**Task goal**
Look for the string "XRPL" in the listing below, then copy every line that has it.

**Provided entries**
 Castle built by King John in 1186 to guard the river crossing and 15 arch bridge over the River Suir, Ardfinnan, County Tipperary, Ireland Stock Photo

==

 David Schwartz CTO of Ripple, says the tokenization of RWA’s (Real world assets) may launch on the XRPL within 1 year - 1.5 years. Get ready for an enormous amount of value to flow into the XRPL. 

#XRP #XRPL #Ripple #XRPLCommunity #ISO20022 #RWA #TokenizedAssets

...

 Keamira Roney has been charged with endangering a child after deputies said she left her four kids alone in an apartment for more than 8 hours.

**Problem solution**
 David Schwartz CTO of Ripple, says the tokenization of RWA’s (Real world assets) may launch on the XRPL within 1 year - 1.5 years. Get ready for an enormous amount of value to flow into the XRPL. 
#XRP #XRPL #Ripple #XRPLCommunity #ISO20022 #RWA #TokenizedAssets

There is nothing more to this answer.